In the livingsocial_spider.py file, we will define one class, LivingSocialSpider with common attributes, like name and url. We’ll also define one function within our LivingSocialSpider class.

First we’ll setup our LivingSocialSpider class with attributes (variables that are defined within a class, also referred to as fields). We’ll inherit from scrapy’s BaseSpider:

from scrapy.spider import BaseSpider

from scraper_app.items import LivingSocialDeal

class LivingSocialSpider(BaseSpider):
    """Spider for regularly updated livingsocial.com site, San Francisco Page"""
    name = "livingsocial"
    allowed_domains = ["livingsocial.com"]
    start_urls = ["http://www.livingsocial.com/cities/15-san-francisco"]

    deals_list_xpath = '//li[@dealid]'
    item_fields = {
        'title': './/span[@itemscope]/meta[@itemprop="name"]/@content',
        'link': './/a/@href',
        'location': './/a/div[@class="deal-details"]/p[@class="location"]/text()',
        'original_price': './/a/div[@class="deal-prices"]/div[@class="deal-strikethrough-price"]/div[@class="strikethrough-wrapper"]/text()',
        'price': './/a/div[@class="deal-prices"]/div[@class="deal-price"]/text()',
        'end_date': './/span[@itemscope]/meta[@itemprop="availabilityEnds"]/@content'
    }

I’ve chosen to not build out the scaffolding with comments, but to throw this at you instead.
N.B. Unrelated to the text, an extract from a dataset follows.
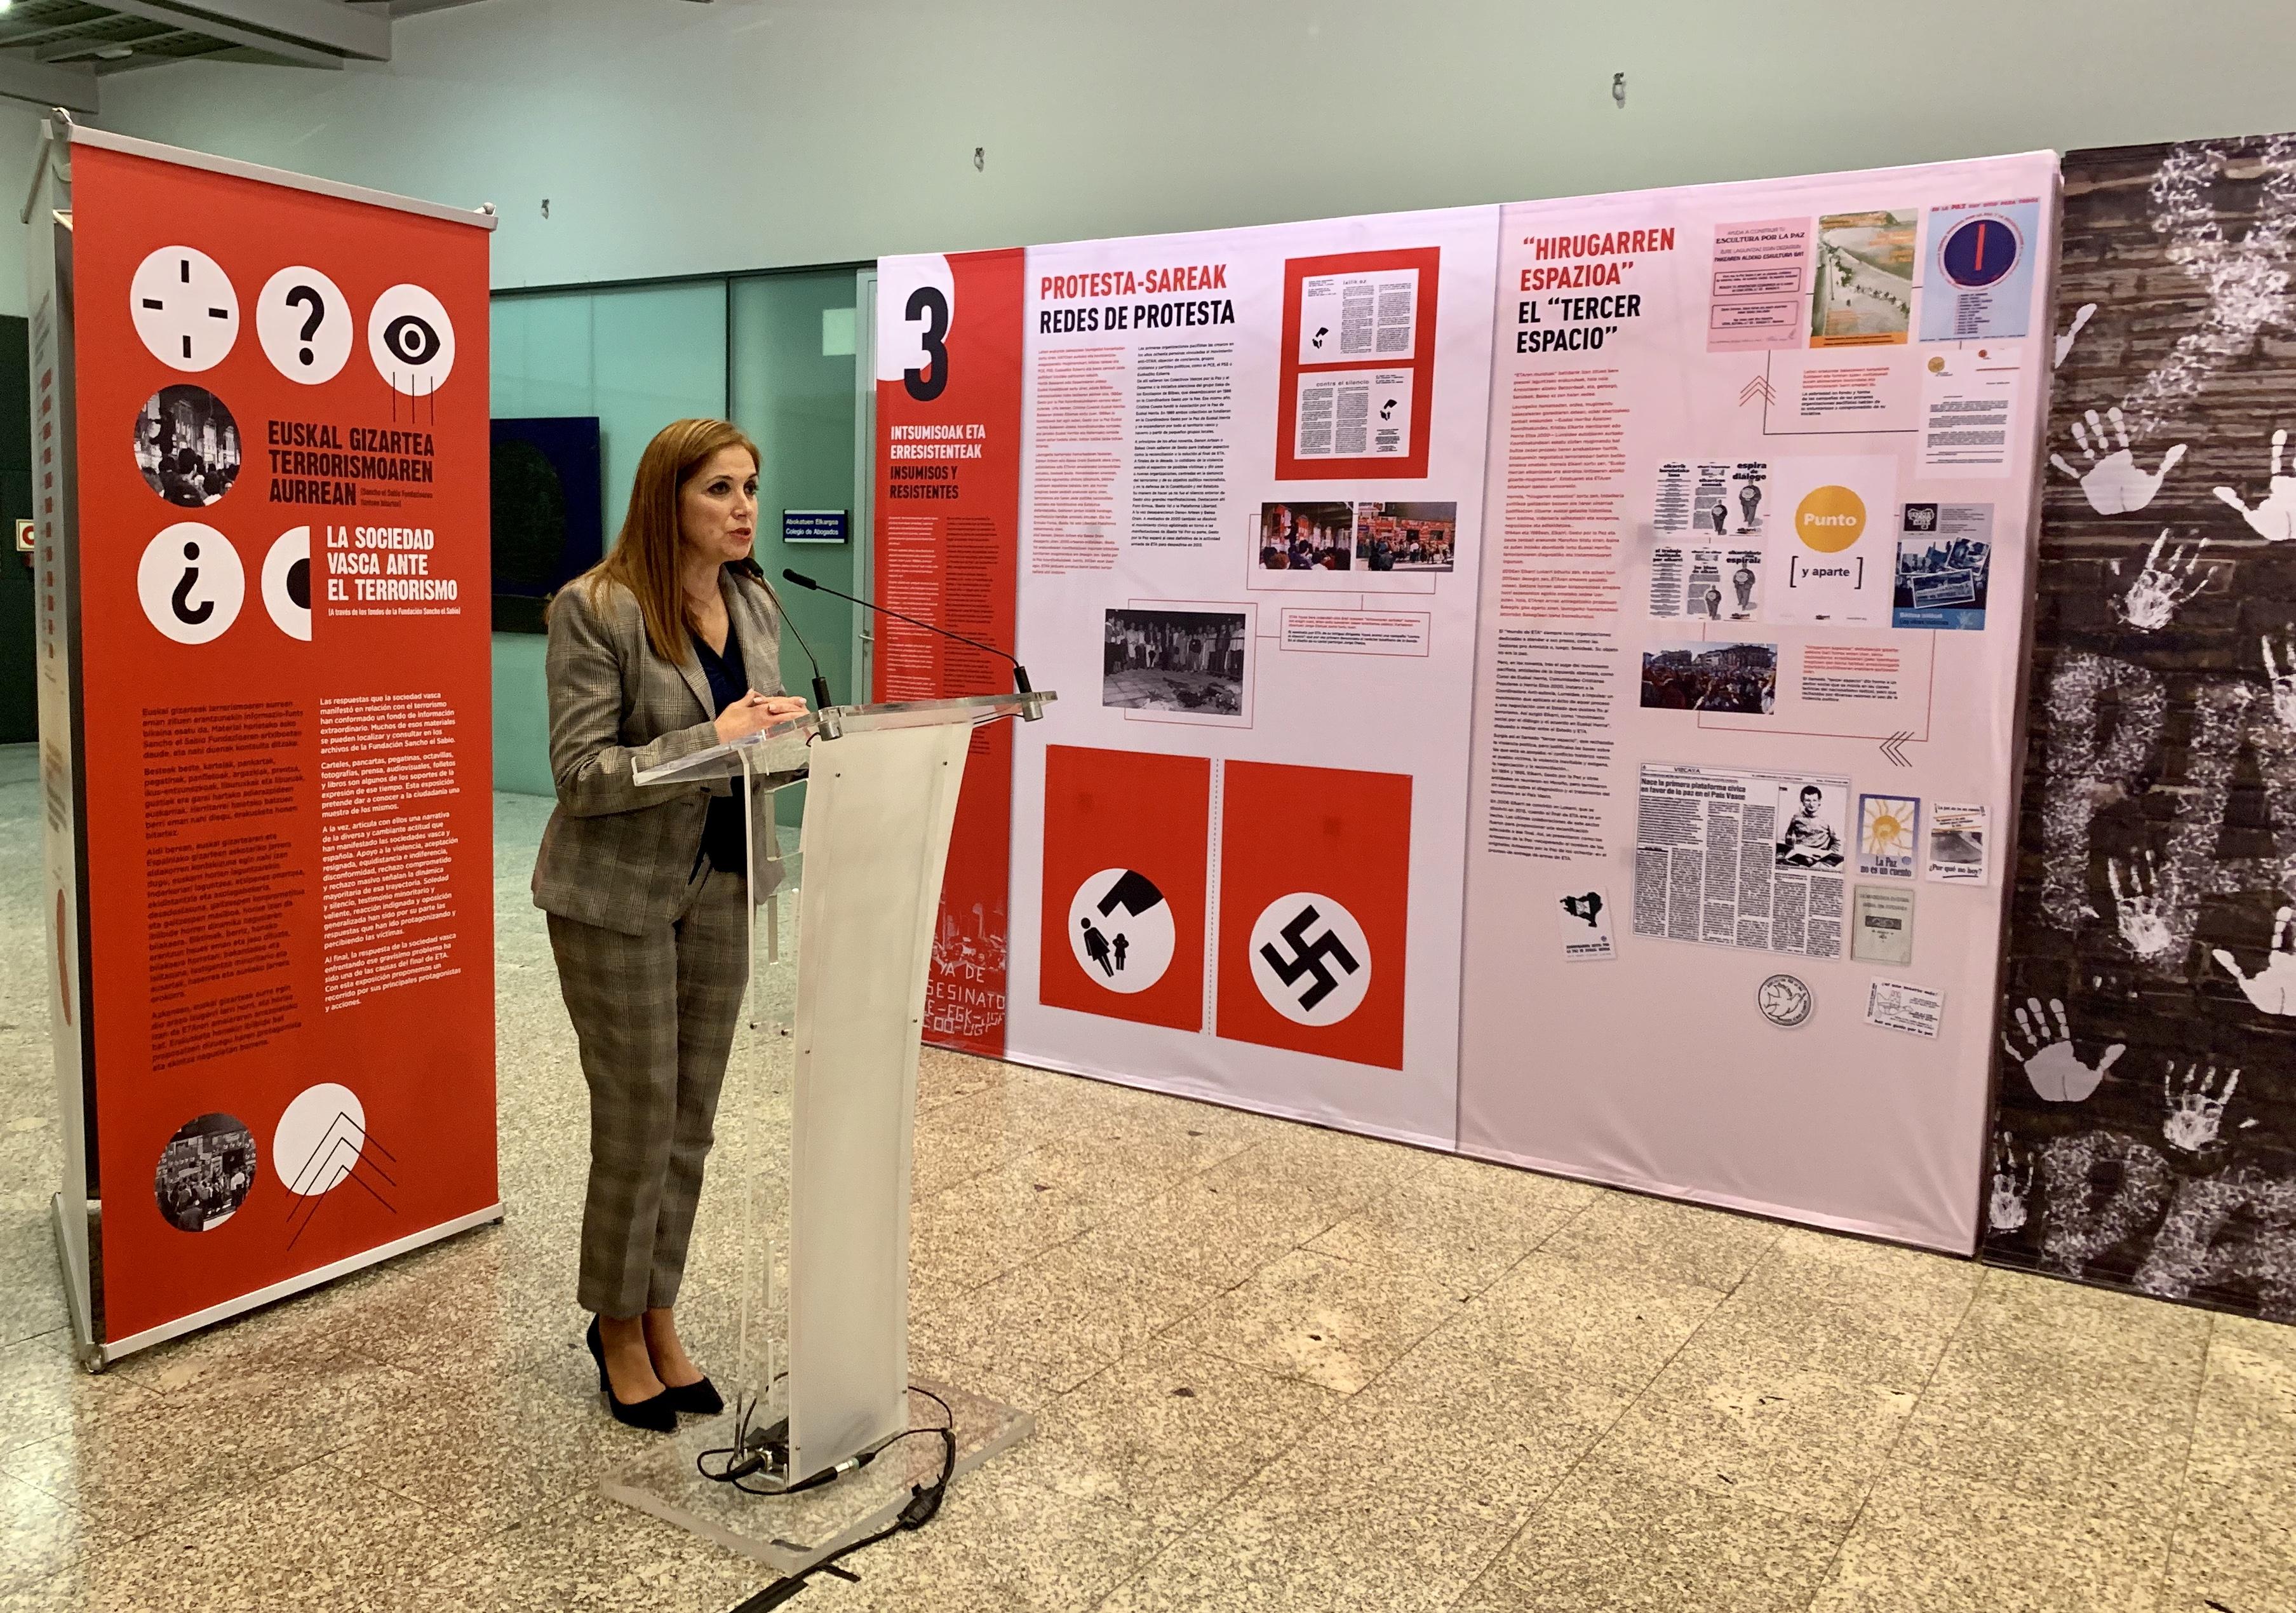 """La  exposición """"La sociedad vasca ante el terrorismo"""" estará en el Palacio de Justicia de Donostia hasta el 27 de diciembre"""

Let’s walk it through.

The first few variables are self-explanatory: the name defines the name of the Spider, the allowed_domains list the base-URLs for the allowed domains for the spider to crawl, and the start_urls is a list of URLs for the spider to start crawling from. All subsequent URLs will start from the data that the spider downloads from the start_urls.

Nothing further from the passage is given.